Whose Rights?

If any issue is a hot potato today, a subject that divides people as few others do, it’s the so-called “LGBTQ” (and other variations) Rights.  As I write this, the national assembly of one of America’s largest Christian denominations is deliberating the matter—and, regardless of the final vote, strident discord and schism are inevitable.

I, for one, understand that if the state declares itself the supreme arbiter of all matters social and personal, the state can and will legally define, for instance, marriage—as it has.  I’m not happy about it and I believe the state has (once again) far overstepped its proper bounds.[1]  But, for the time being, as we often ruefully say: it is what it is.

Meanwhile, a number of things deeply concern many of us.  We are not being asked to merely tacitly accept same-sex marriage but to proclaim it “good.”  Some of us have been intentionally singled out for persecution in our businesses when we do not join the celebration.  Parental responsibility for their children has been abrogated in some localities such that abortions and sex-change measures may be provided with neither parental consent nor even parental knowledge!  And so the diversity revolution continues.

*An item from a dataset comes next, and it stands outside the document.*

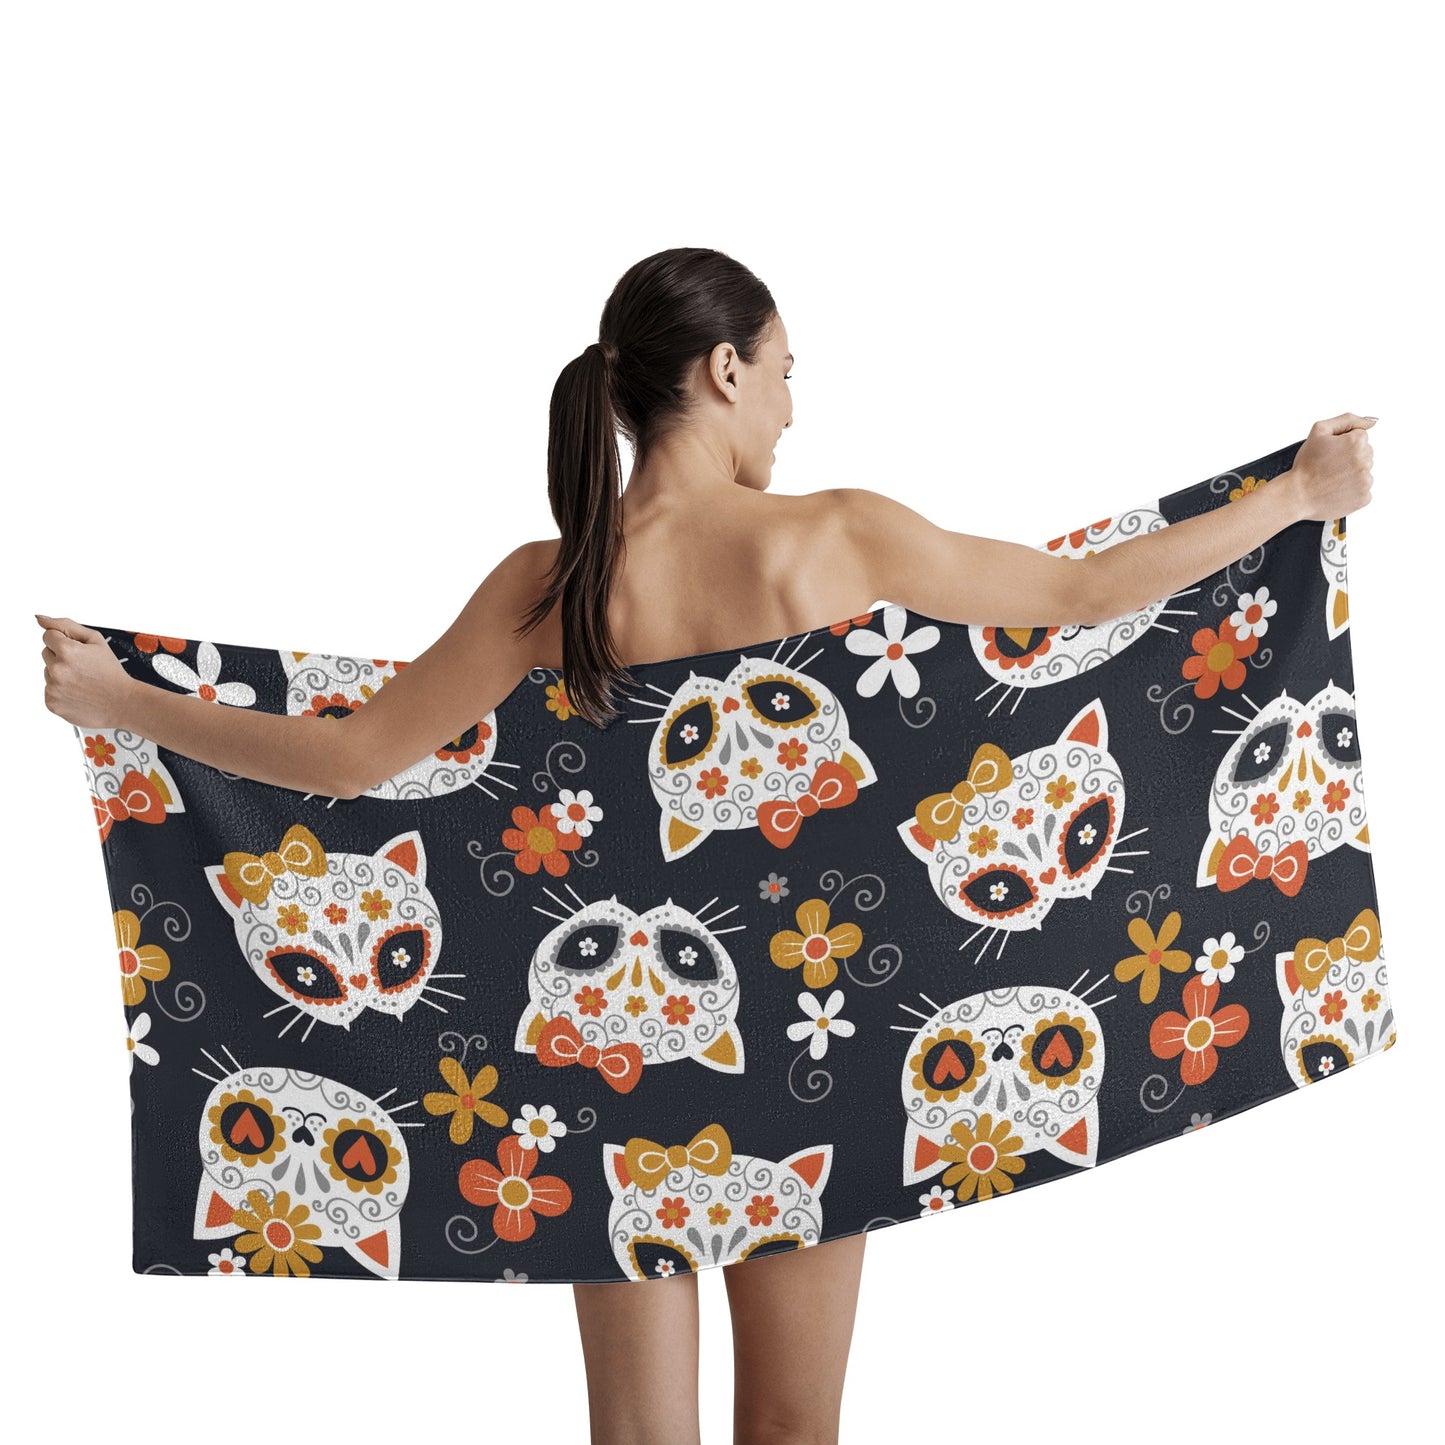 Sugar skull cat pattern Bath Towel

The Scriptural perspective is, I believe, abundantly clear.  It takes a bizarre exegetical end-run to re-define marriage and to bless homosexual activities.  But, lest we be branded with the ubiquitous “homophobe” label, we must be excruciatingly self-aware and responsive to our Lord’s requirement to seek the good of all our neighbors.  One fundamental goal should be to earn the trust of those who violently oppose us by listening, learning, and asking sensitive questions.

What Godly tactics would you suggest?

[1] The role of the state is summarized in 1 Peter 2:14 …to punish those who do evil and to praise those who do good. (ESV)

 

 

2 thoughts on “Whose Rights?”

  1. The pastor of my church in Myrtle Beach SC, Dr. Jeff Dunn, has had great success in ministry by applying and teaching those under his spiritual authority, that we as Christians should neither “condone nor condem” those entangled in homosexuality but that by our love for them and our love for Christ, “convict” them to seek Christ’s forgiveness and power for help. It sounds simplistic but I saw it change lives, break down walls between God’s children and spread godliness in his congregation.